(Beginning of Data extract)

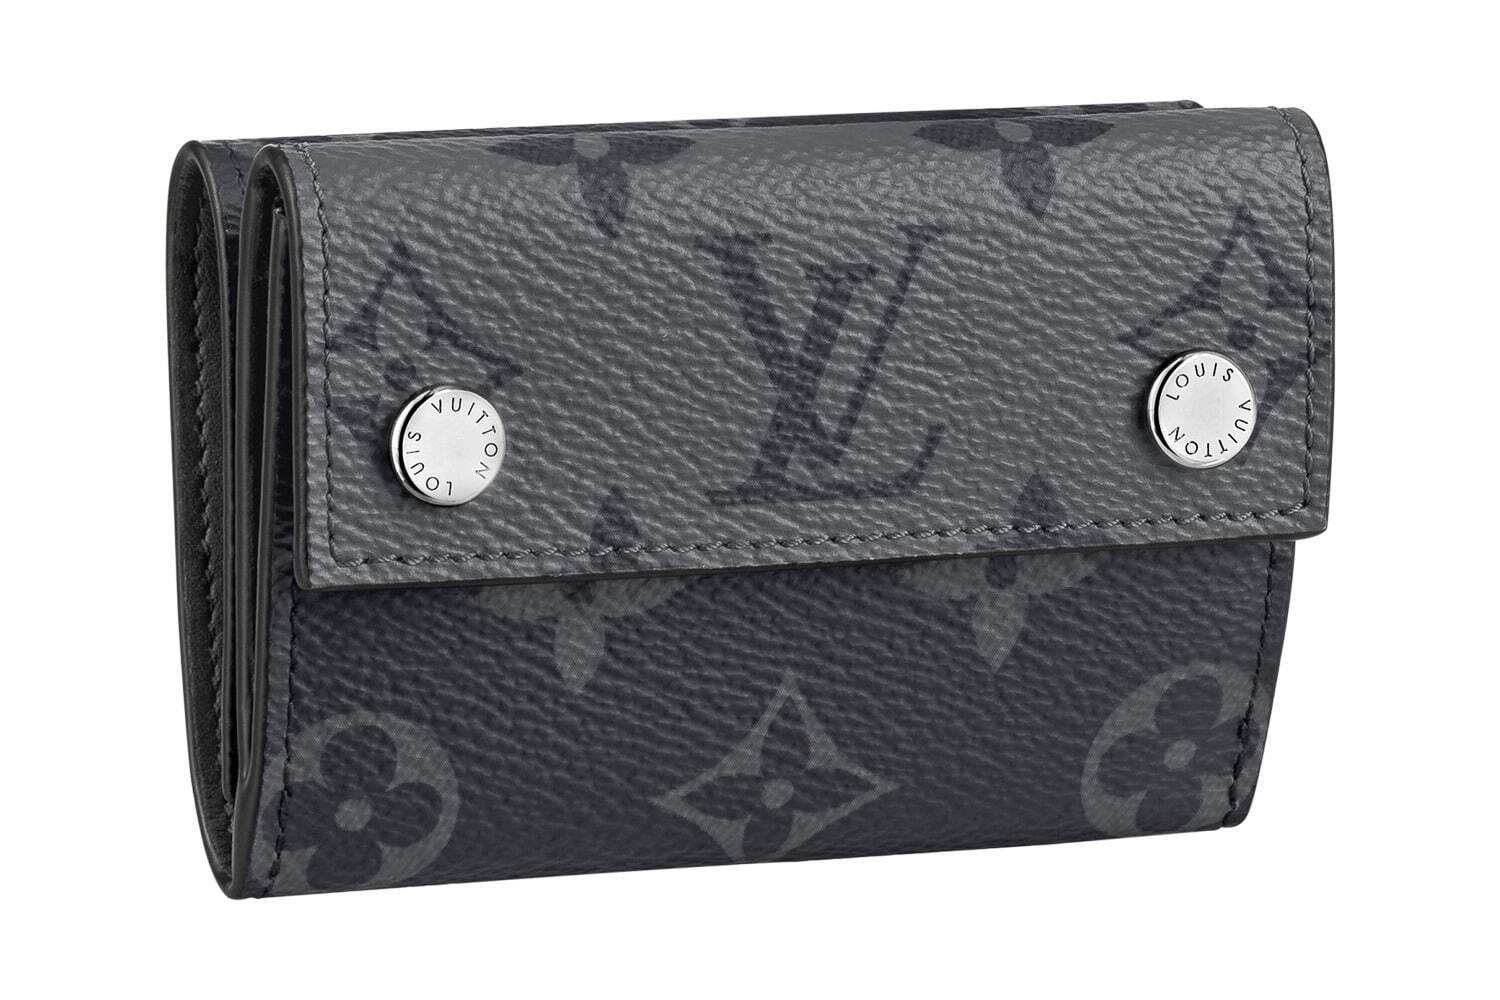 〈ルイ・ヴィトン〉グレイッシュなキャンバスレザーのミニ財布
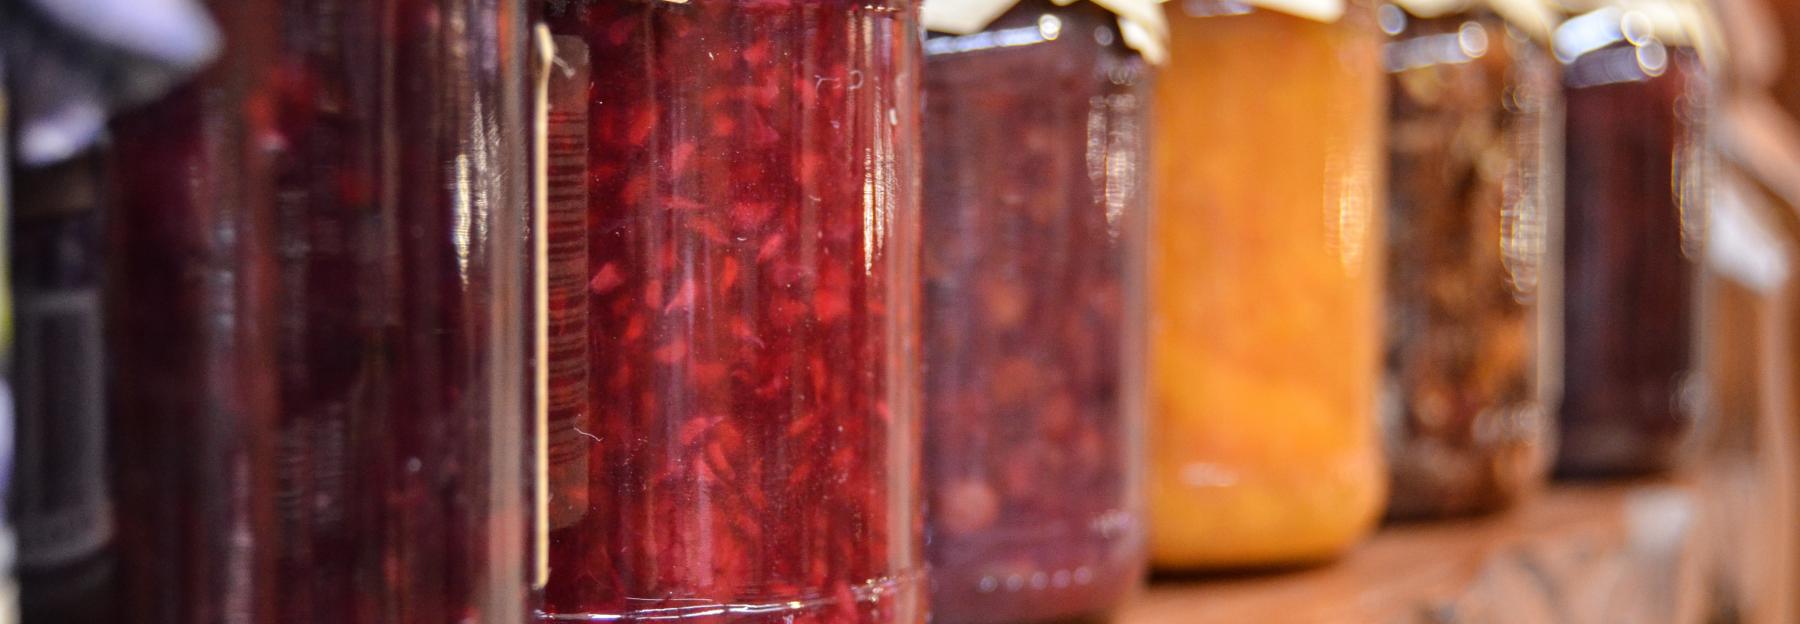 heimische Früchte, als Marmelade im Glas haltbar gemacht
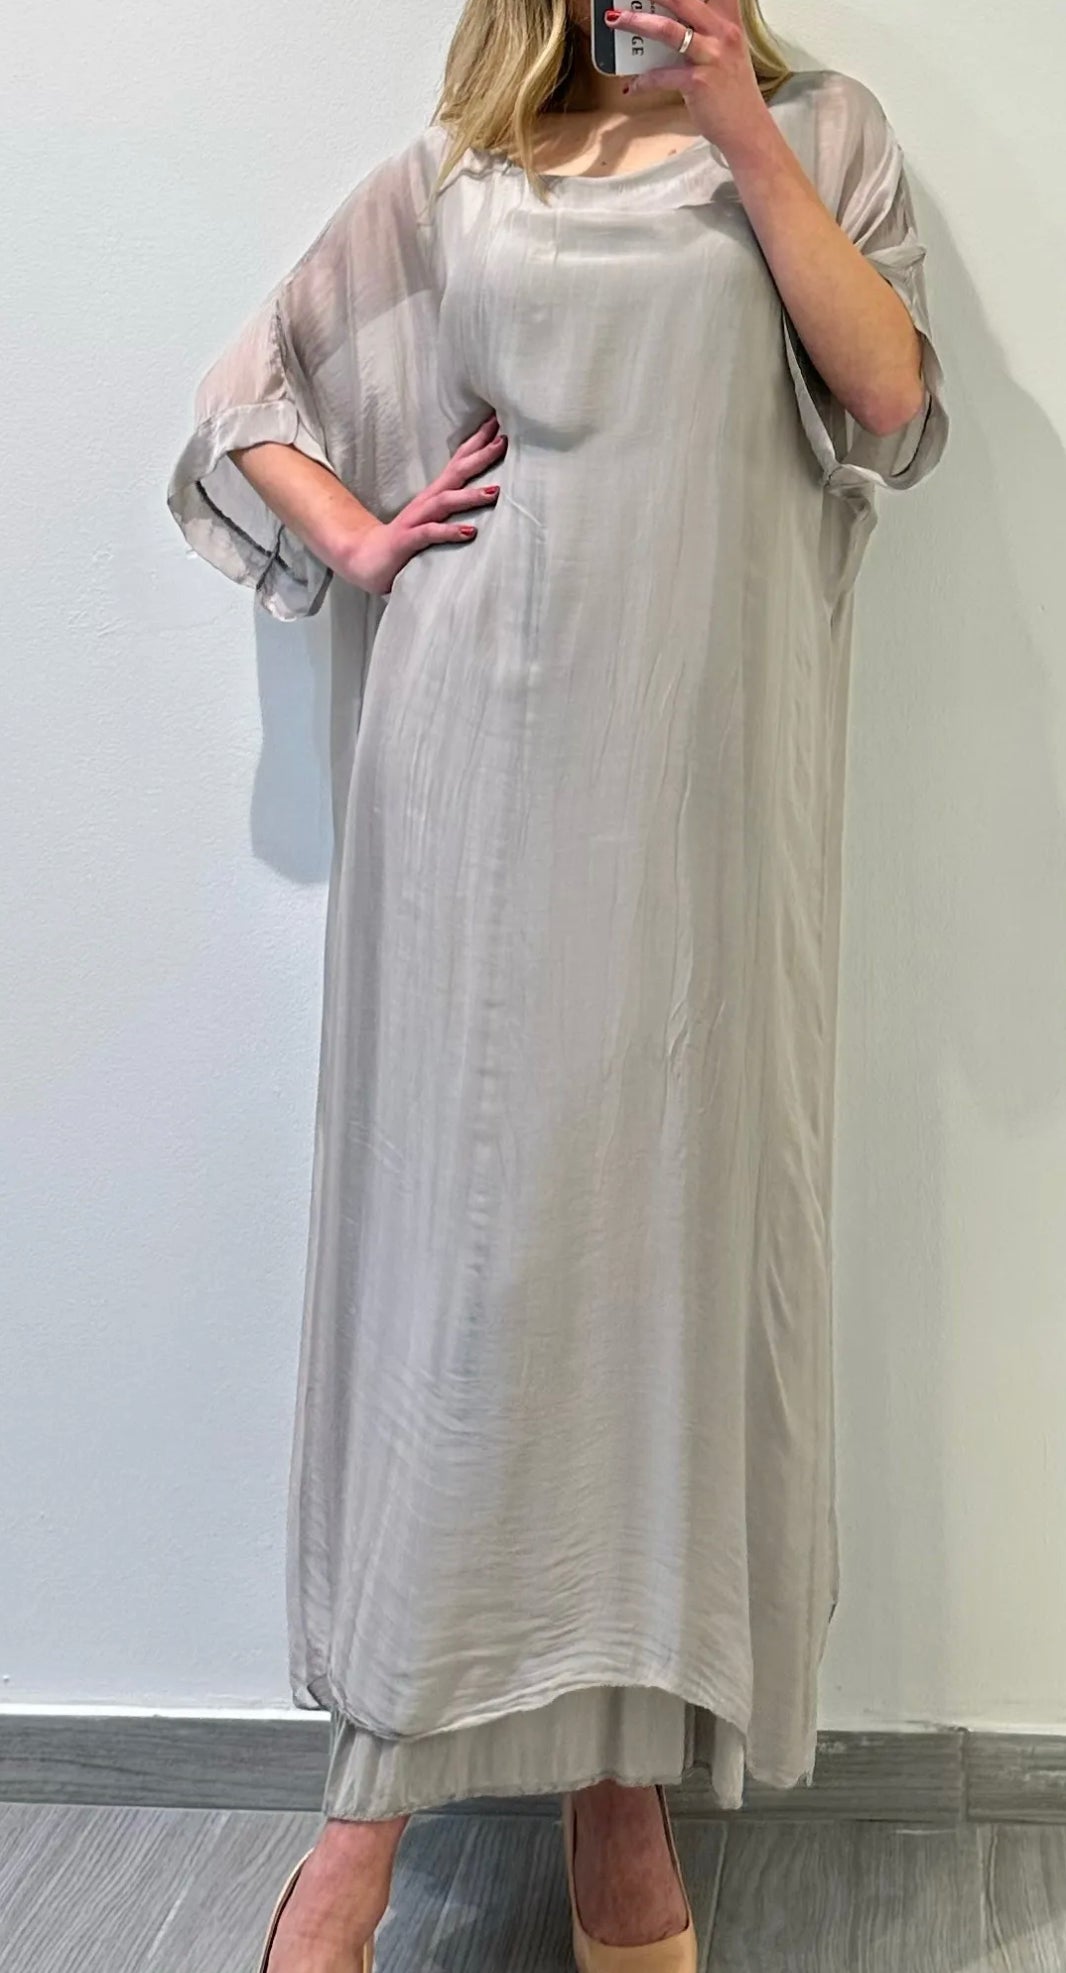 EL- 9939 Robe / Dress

(End of Data extract)

## What you have to do
Reproduce the listing in full and exactly, excluding any pictures it holds.

## Task solution
 〈ルイ・ヴィトン〉グレイッシュなキャンバスレザーのミニ財布
 heimische Früchte, als Marmelade im Glas haltbar gemacht
 EL- 9939 Robe / Dress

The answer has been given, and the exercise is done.